If approved, all these provisions would apply to arbitral proceedings seated in a Member State.[34] However, it remains unclear at this stage whether the arbitral tribunals themselves would have the same powers that the Proposed Directive attributes to domestic courts and/or administrative authorities or if, alternatively, the latter would have powers to intervene in arbitration proceedings that involve third-party funding.

The European Commission will now decide whether or not to accept the Proposed Directive (which is not binding) by either submitting a text proposal to the European Parliament or giving its reasons for not doing so.[35] If a text proposal is submitted, it will be debated and – potentially – approved by the European Parliament, which will set deadlines for transposing the (future) directive into the legal systems of the Member States.

Next steps for third-party funding

For all the debate that this topic has continued to generate, the truth is that third-party funding is an established reality (both within and outside the context of international arbitration). That is why the debate should no longer focus simply on whether third-party funding should be allowed, but rather on whether and how it should be regulated.

Despite the regulations that have already been implemented worldwide, including by prestigious arbitral institutions, the Proposed Directive was not without its critics in the arbitration community. The critics have argued that the Proposed Directive intends to severely limit access to third-party funding (by regulating who may provide funding, the terms of funding agreements, etc.), which – instead of increasing access to third-party funding in arbitrations seated in Member States – may create real barriers to its operation in the EU.[36]

While criticism is certainly beneficial to the legislative process (as it increases the chances of a proposal being improved before its approval), efforts to regulate third-party funding in the EU should be welcomed. The world is currently going through a downturn, the impacts of which are already being felt – naturally, this may reduce the ability of companies to allocate income to dispute resolution. As such, third-party funding might assume a central role in the coming years and States and institutions should directly address its inherent challenges.

In any event, the Proposed Directive (if approved) and subsequent legislation at the level of the Member States should not overlook the importance of party autonomy to arbitration. In this regard, as with any regulation applicable to arbitration, it should afford a reasonable degree of flexibility.

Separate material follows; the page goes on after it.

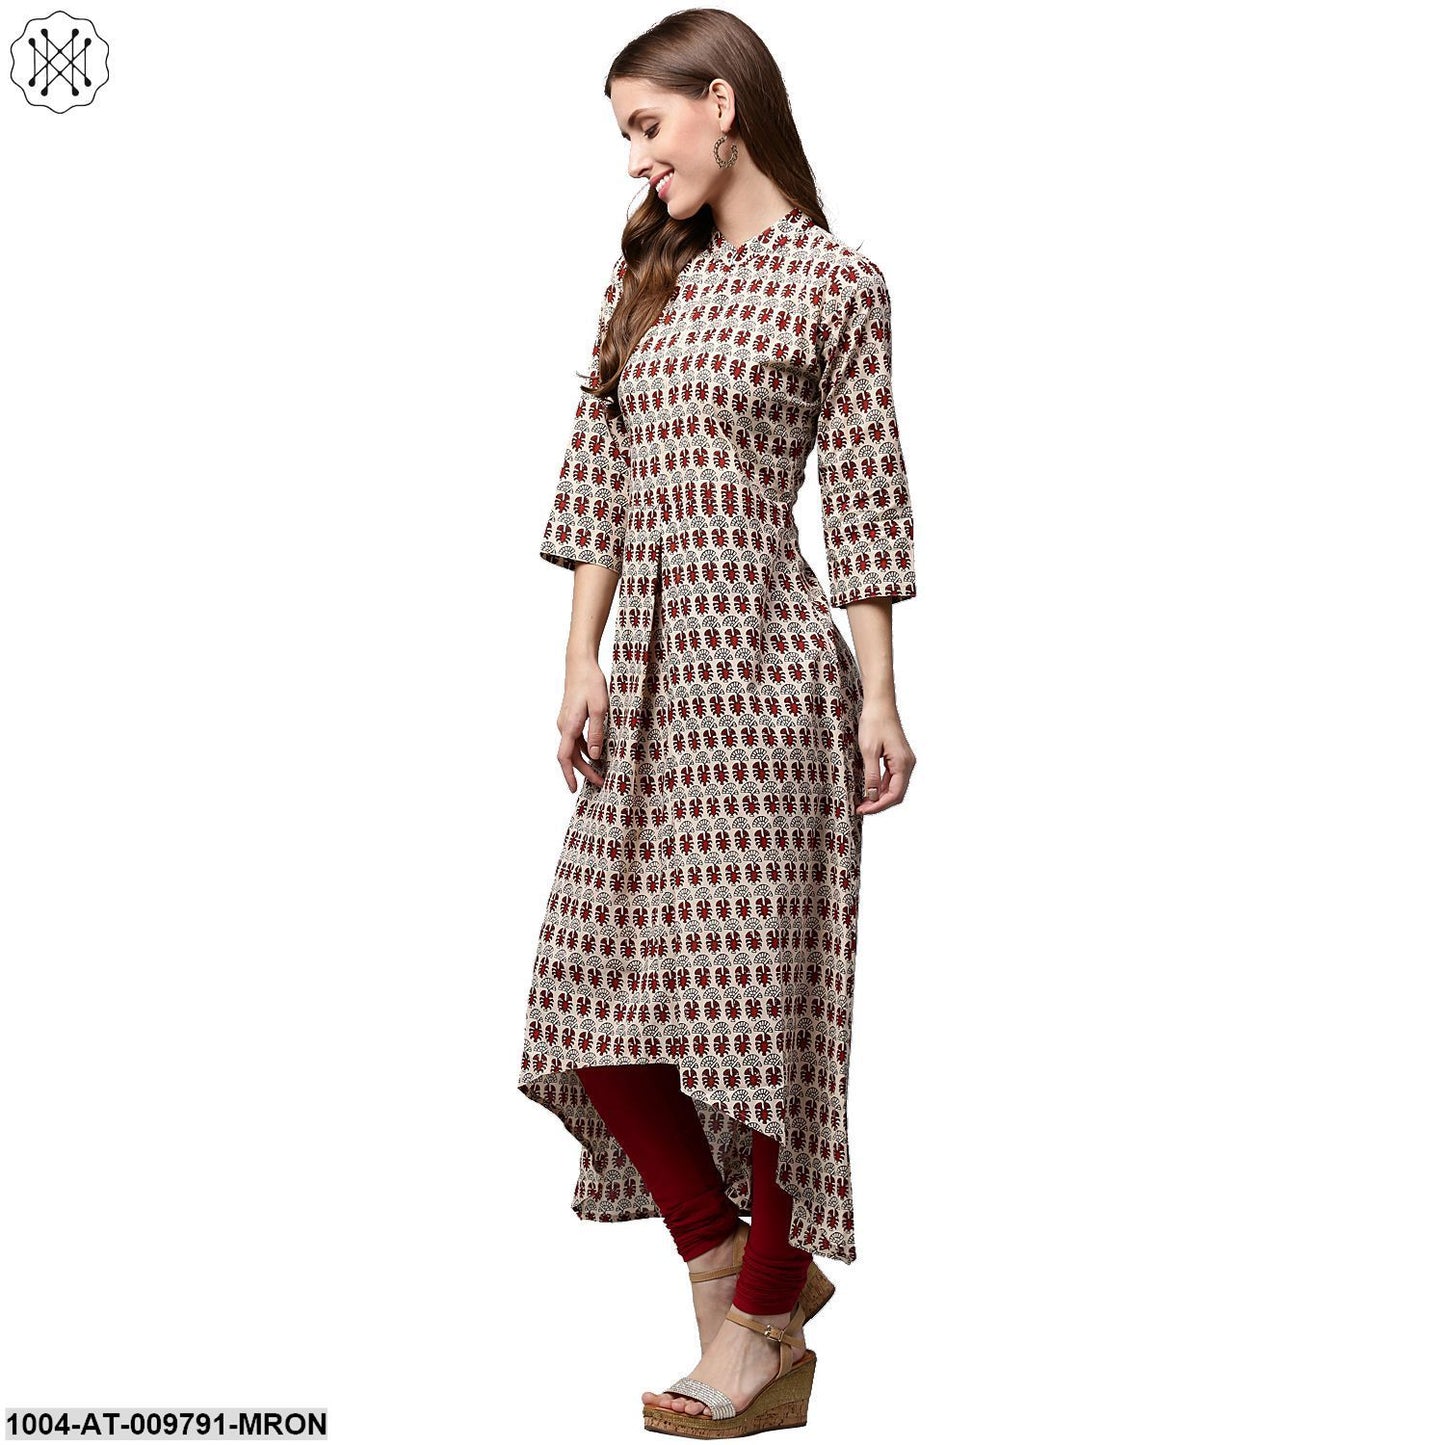 Off White And Maroon Printed 3/4Th Sleeve Cotton A-Line Kurta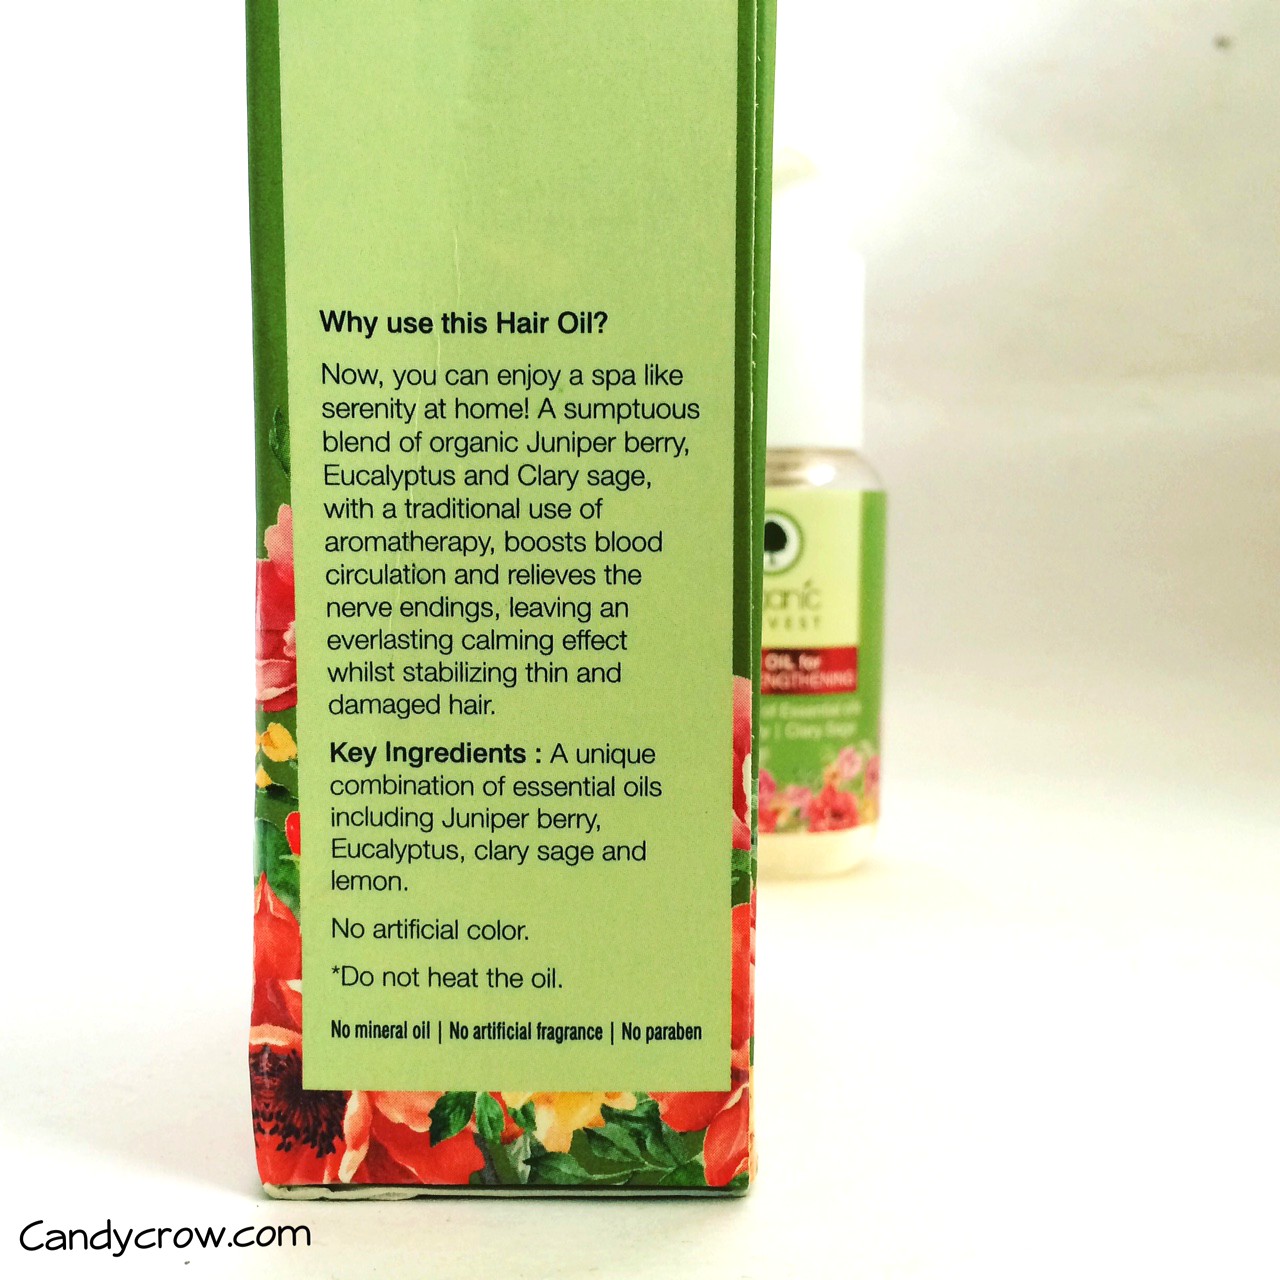 Organic-harvest-hair-oil-review-price

[1] Recitals F. and I. of the European Parliament's resolution of 13 September 2022, stating 'whereas, while TPLF is virtually non-existent in Europe' and 'whereas TPLF is prevalent in Australia, the USA, Canada, the United Kingdom and the Netherlands'.

[2] 'Third Party Funding of Litigation' (Project Period: July 2022–September 2024) <> accessed 19 March 2023.

[3] L. Bench Nieuwveld et al, Third-Party Funding in International Arbitration (Wolters Kluwer: 2nd Ed: 2017), pp 2–7.

[4] Christopher Bogart, 'Third-Party Financing of International Arbitration' (2016) in The Arbitration Review of the Americas 2017, Global Arbitration Review <> accessed 19 March 2023 and Fernando Aguilar de Carvalho et al, 'Portugal. The Third Party Litigation Funding Law Review' (2020) in The Third Party Litigation Funding Law Review, Law Business Research, pp 134–141.

[5] Third-party funding should not, per se, be grounds for the arbitral tribunal to order provision of security for costs. Nevertheless, the ruling in RSM Production Corporation v Saint Lucia, ICSID Case No ARB/12/10, Decision on Saint Lucia's Request for Security for Costs, 13 August 2014, the arbitral tribunal concluded that '[...] the fact that it admittedly does not have sufficient financial resources itself and the (also admitted) fact that it is funded by an unknown third party which, as the Tribunal sees reasons to believe, might not warrant compliance with a possible cost award in favor of Respondents'. 

[6] For further information on this matter, see 'Report of the ICCA - Queen Mary Task Force on Third-Party Funding in International Arbitration' (2018), pp 14–16 <> accessed 19 March 2023.

[7] J. Júdice, 'Some notes about third-party funding: a work in progress' (Arbitraje, Revista de Arbitraje Comercial y de Inversiones, Vol XI, No 1: 2018), pp 55–71.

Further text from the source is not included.